What we added from the last example is marked in bold letters (this is a convention we will use throughout this chapter). Unlike the SENTENCE example, the content of the HTML element is not just a string of characters – it’s actually another element. The TITLE element contains the title of an HTML document. The title of the document we build in this chapter is “Bach’s home page.” Figure 1.3 maps out the two elements we have so far.

Figure 1.3. Diagram of an element.

When a browser displays an HTML document in a window onscreen, the content of the title element generally goes into the title bar of the window. The title bar is at the top of the window. Below that is often the browser’s control panel. Further below that is the most interesting part of the browser window: the canvas. The canvas is the part of the window where documents are actually displayed. See Figure 1.4.

Figure 1.4. The parts of a browser’s window. The top line is the title bar, the large grey area is the canvas. CSS only deals with the content of the canvas.

As you can see, we have yet to put anything in the document that will be displayed on the canvas. To have something actually show up on the canvas, you must place it in the BODY element. The BODY element is inside the HTML element:

<HTML>
<TITLE>Bach's home page</TITLE>
<BODY>
</BODY>
</HTML>

To make it easier to see where elements start and end, we show the HTML examples over several lines and indent elements that are inside others. We do this because it makes the code easier to read. The browser ignores the extra space and the line breaks that separate one line from another.

The content of the HTML element now consists of not one, but two other elements. By themselves, the BODY tags do not add anything to the canvas; we need to give the BODY element some content. Let’s start by adding a first-level heading to the sample document. The standard HTML tag for a first-level heading is H1. Here’s the HTML code:

<HTML>
<TITLE>Bach's home page</TITLE>
<BODY>
<H1>Bach's home page</H1>
</BODY>
</HTML>

The title of the document is the same as the first-level heading. This will often be the case in HTML documents, but it doesn’t have to be.

HTML also has other headings you can use: H2, H3, H4, H5, and H6. The higher the number, the less important the heading is. If H1 corresponds to a chapter, H2 is a section, H3 a subsection, etc. Typically, also, the higher the number, the smaller the font size. Here’s the document with a couple of extra headings added:

<HTML>
<TITLE>Bach's home page</TITLE>
<BODY>
<H1>Bach's home page</H1>
<H2>Bach's compositions</H2>
<H3>The keyboard music</H3>
</BODY>
</HTML>

Figure 1.5 shows the heading levels as they might appear onscreen.

However, we don’t need those two extra headings right now, so we delete them and add a paragraph of text instead.
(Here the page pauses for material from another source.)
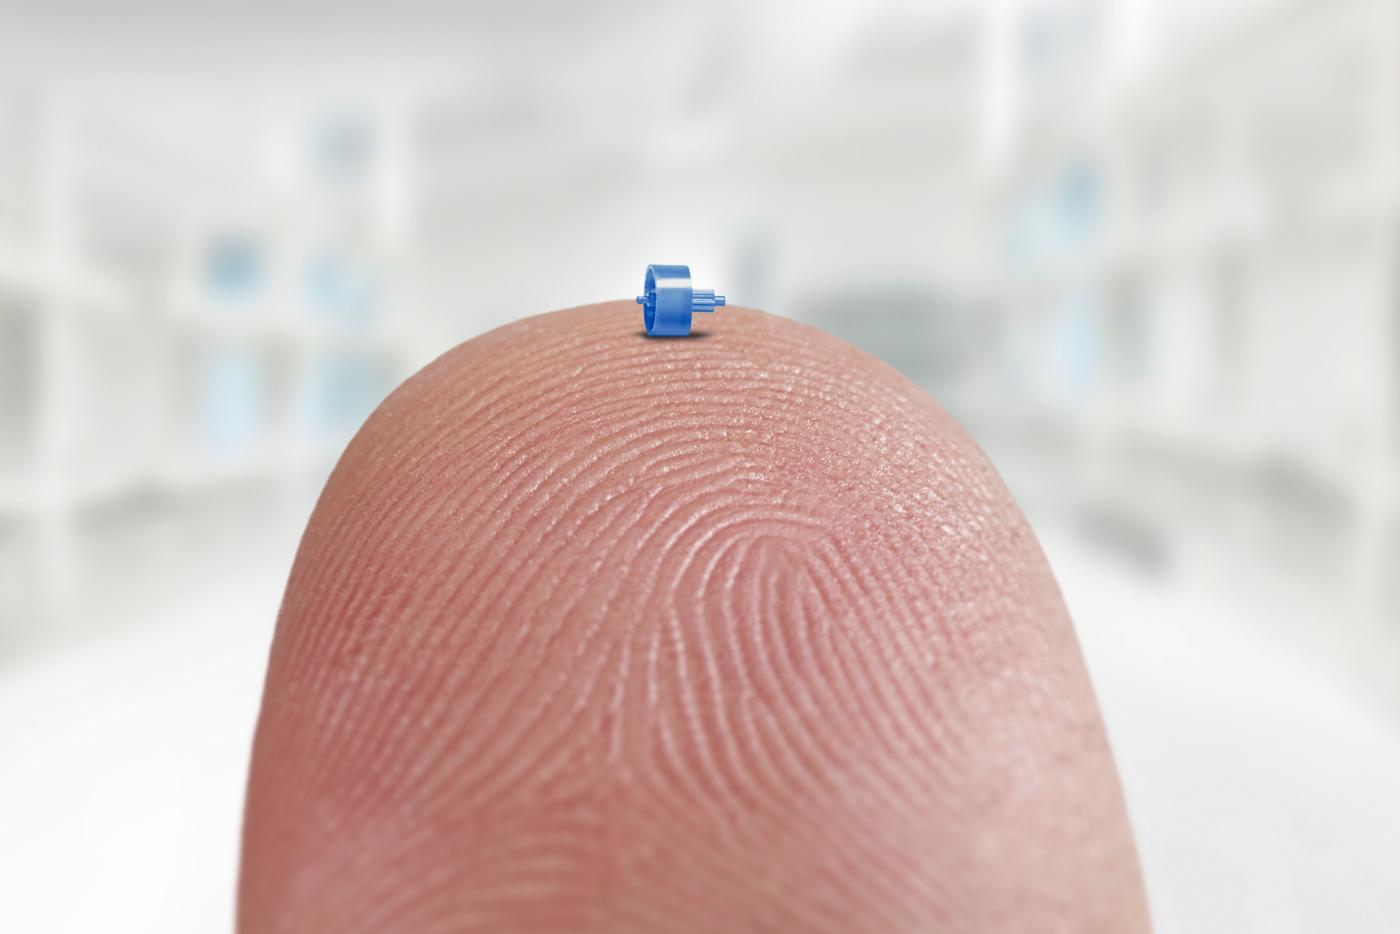 MicroMolding_finger
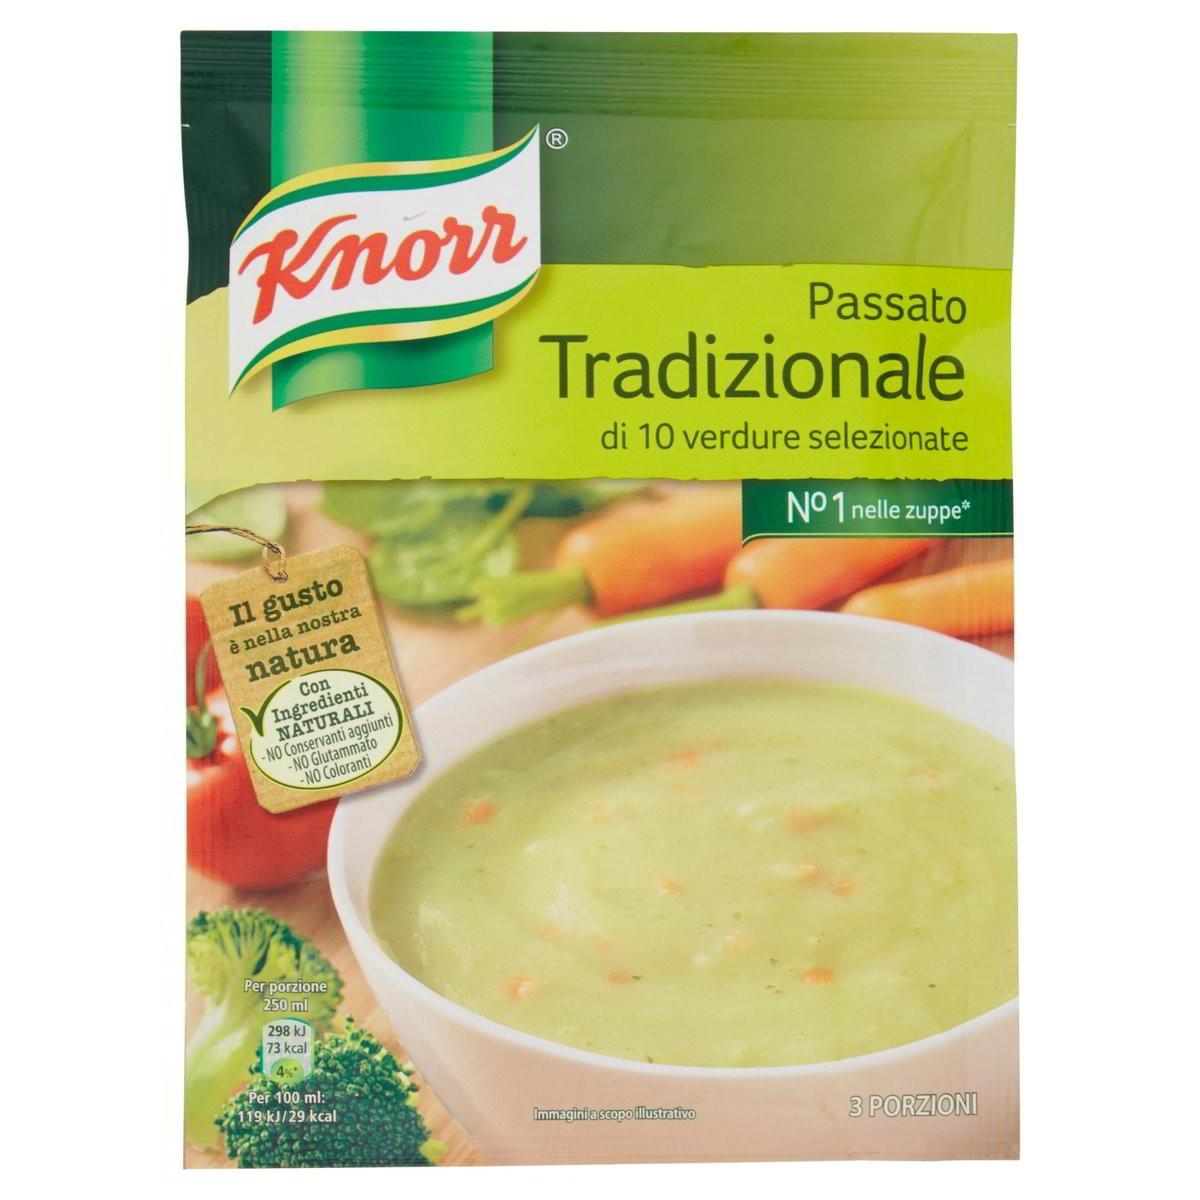 Knorr Passato Tradizionale

We do this using the paragraph element, P:

<HTML>
<TITLE>Bach's home page</TITLE>
<BODY>
<H1>Bach's home page</H1>
<P>Johann Sebastian Bach was a prolific
composer.
</BODY>
</HTML>

Figure 1.6 shows the new paragraph.

Note that we left out the ending paragraph tag, </P>. Normally, an element begins with a start tag and ends with an end tag. However, for some HTML elements, the end tag may be omitted. The end tag notifies the browser when the element ends, but in some cases, the browser can figure this out for itself, so the tag is not needed. For example, the P element cannot exist outside of the BODY element. So, when the browser encounters the BODY end tag (</BODY>), it knows that the P element has also ended. Still, including the P end tag is perfectly legal. HTML specifies that leaving out the </P> has no effect on the way the document is displayed.

You can also see that the browser ignored the spaces and line breaks in the source document. There is only one space between each pair of words and the line breaks are gone.

Next, suppose we want to emphasize a word relative to the surrounding text. Several HTML elements can express this; among them, we find STRONG and EM (EM stands for emphasis). These elements do not say anything about how they are to be displayed, but there are some conventions: STRONG elements are normally displayed in bold, and EM elements are displayed in italic.

The following code shows the use of the STRONG element:

<HTML>
<TITLE>Bach's home page</TITLE>
<BODY>
<H1>Bach's home page</H1>
<P>Johann Sebastian Bach was a
<STRONG>prolific</STRONG>
composer.
</BODY>
</HTML>

Figure 1.7 shows how this code is displayed.

Notice how the word “prolific” stands out relative to the surrounding text. Also note that although the H1 and P elements start on a new line, the STRONG element continues on the same line where the P element started. H1 and P are examples of block-level elements, while the STRONG element is an inline element. We discuss block-level and inline elements in the next section.

Block-Level and Inline Elements

In the previous section, the STRONG element was placed in the middle of an element, P, while the P and H1 elements both began and ended a line. You can’t insert a P element in the middle of another P or H1 element or vice versa. But, you can insert an element like STRONG in the middle of most other elements. This is because the P and H1 elements are block-level elements, while the STRONG element is an inline element.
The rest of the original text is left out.